Grayling Reveals New Court Rules to Discourage ‘Pre-Med’ Offers

This article was published on: 08/6/14

Chris Grayling of the Ministry of Justice

The Justice Secretary and Lord Chancellor, Chris Grayling (pictured) has laid out his proposals for new court rules which will seek to bring an end to pre-medical offers being made to whiplash injury victims.

His announcement is good news for the personal injury profession and the continuing fight to bring down the number of fraudulent claims being processed within the industry, for which pre-med offers are deemed to be a large contributor.

Also among the proposals will be a GP fee cut to £180 for whiplash claims, which is £20 less than the current amount allowed by the Association of Medical Reporting Organisation’s agreement and is aimed at limiting the scope of medical evidence for whiplash claims.

All of the new court rules are expected to be implemented in October and along with the fee cut and discouraging of pre-med offers there will also be a rule introduced that will see an expectation that medical evidence in the case of a whiplash claim will now be limited to just once report, unless a clear case is made otherwise.

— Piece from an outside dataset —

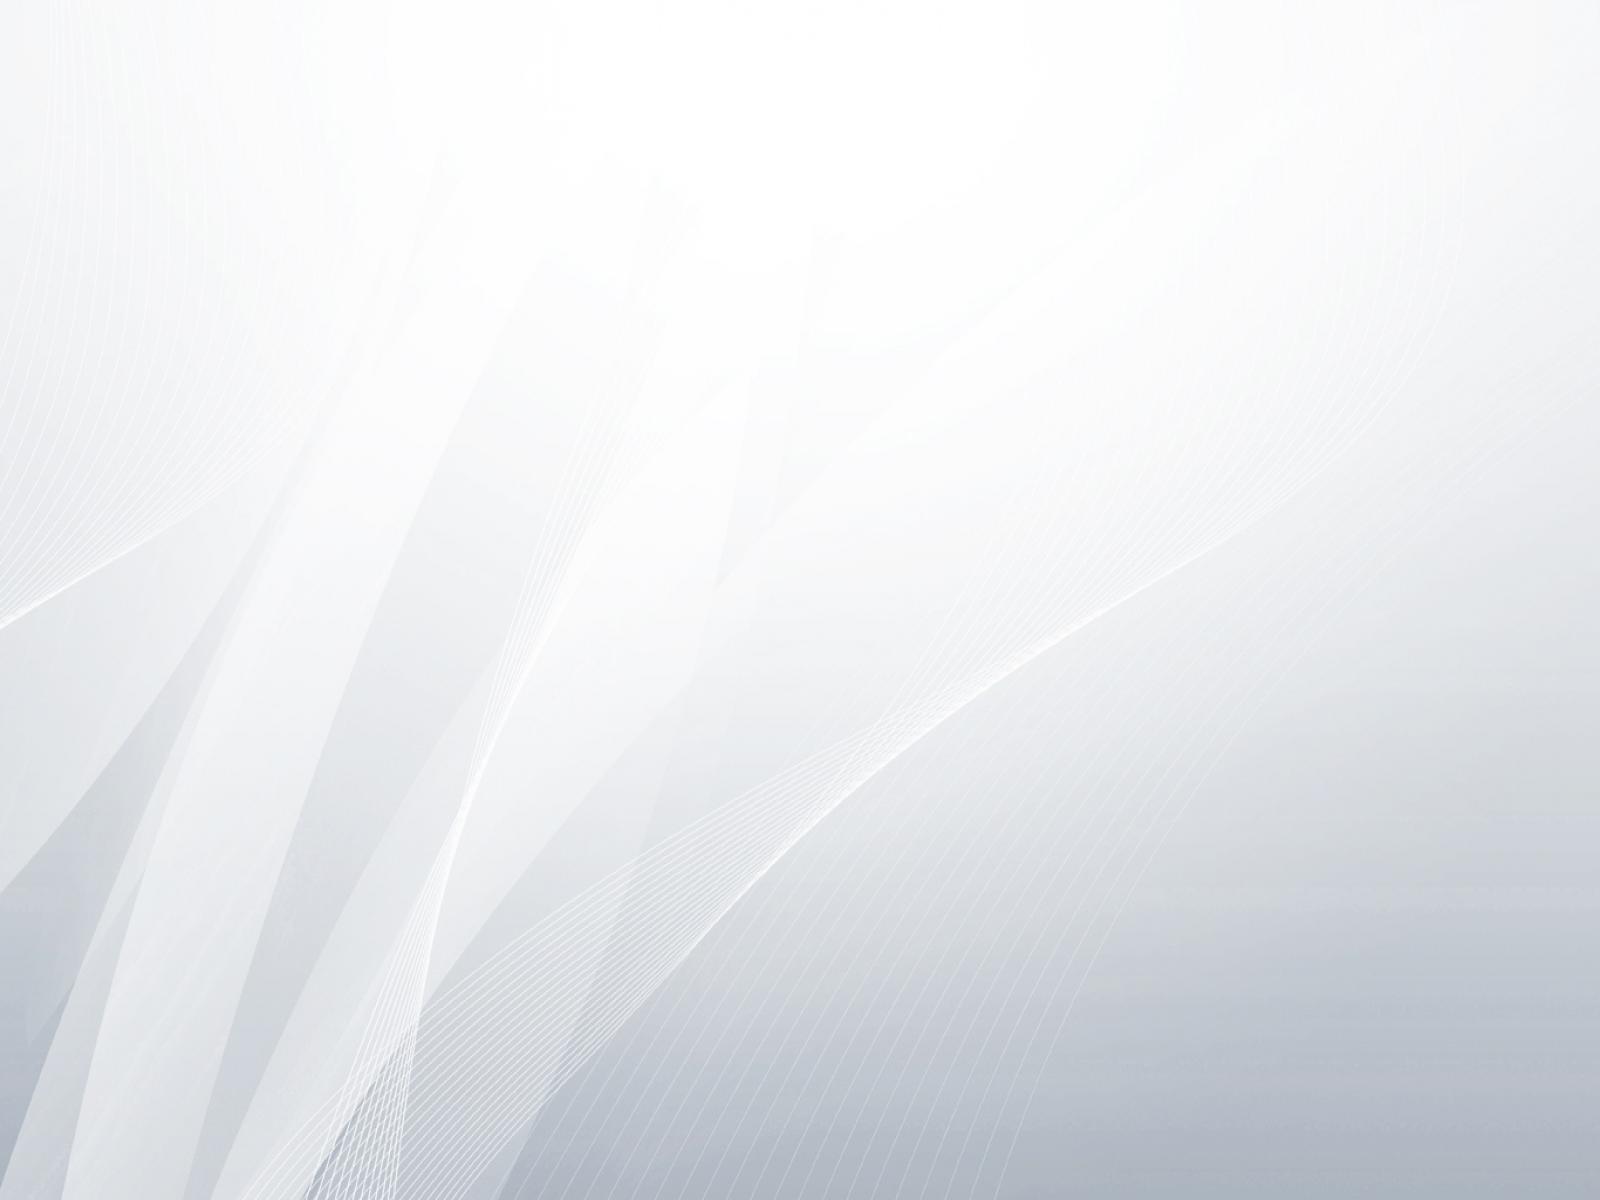 gray-bars-wallpapers

The experts who produce the reports will also no longer be allowed to offer treatment to the victims, which are designed to cut out the incentive to encourage unnecessary treatment on the back of an accident to make profit.

Speaking about his proposals, Chris Grayling said: “We are determined to have an improved, robust system for medical evidence, so genuine claims can still be settled by fraud is driven out of the market.”

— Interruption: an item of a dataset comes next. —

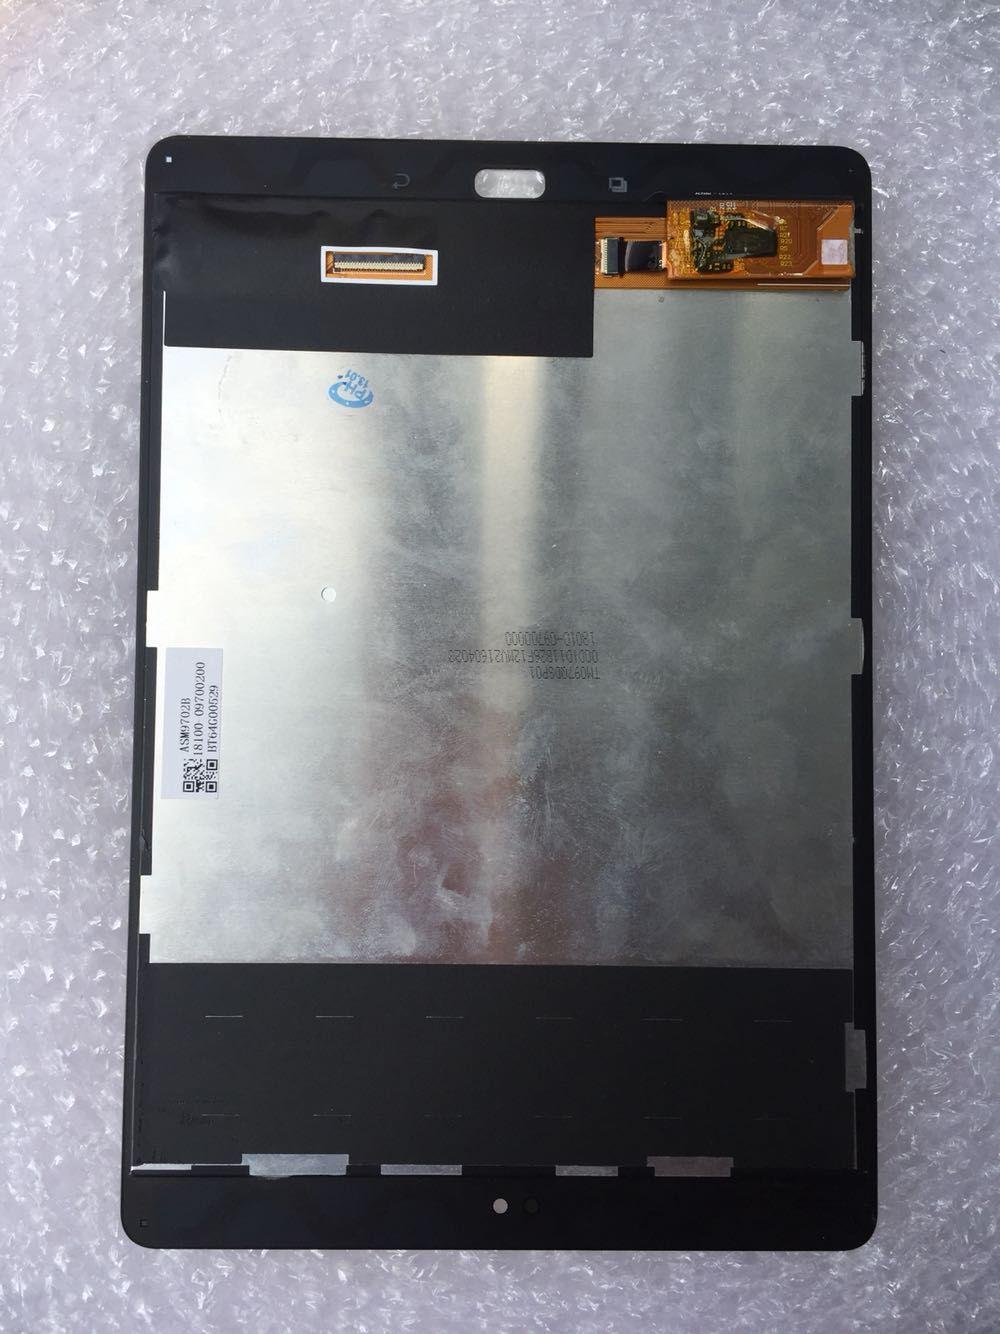 For ASUS ZenPad 3S 10 Z500M P027 Z500KL P001 LCD Display Matrix Touch Screen Digitizer Sensor Tablet PC Parts Assembly

Talking about the move to discourage pre-med offers, Scott Rees & Co Partner, David Byrne, said: “This is a positive step for whiplash victims and for the profession on a whole as it will go a long way to tackling the problem of fraudulent claims within the industry.”

“However, I can’t help that the Justice Minister has missed an opportunity to clean up the industry once and for all by introducing a ban across the board on the ability to make compensation offers to accident victims before a medical report has been obtained.”

“Past research has proven that in many cases where accident victims are pressured into accepting these settlement offers by insurers, they actually receive four times less than the compensation they are entitled to, which for those who are genuinely injured is completely unfair and unjust.”

“The Government has been making all the right noises in terms of tackling fraud within the profession, which makes it difficult to see why, when they find a practice that is clearly having an adverse effect on the industry, they don’t do more than to just ‘discourage’ it.”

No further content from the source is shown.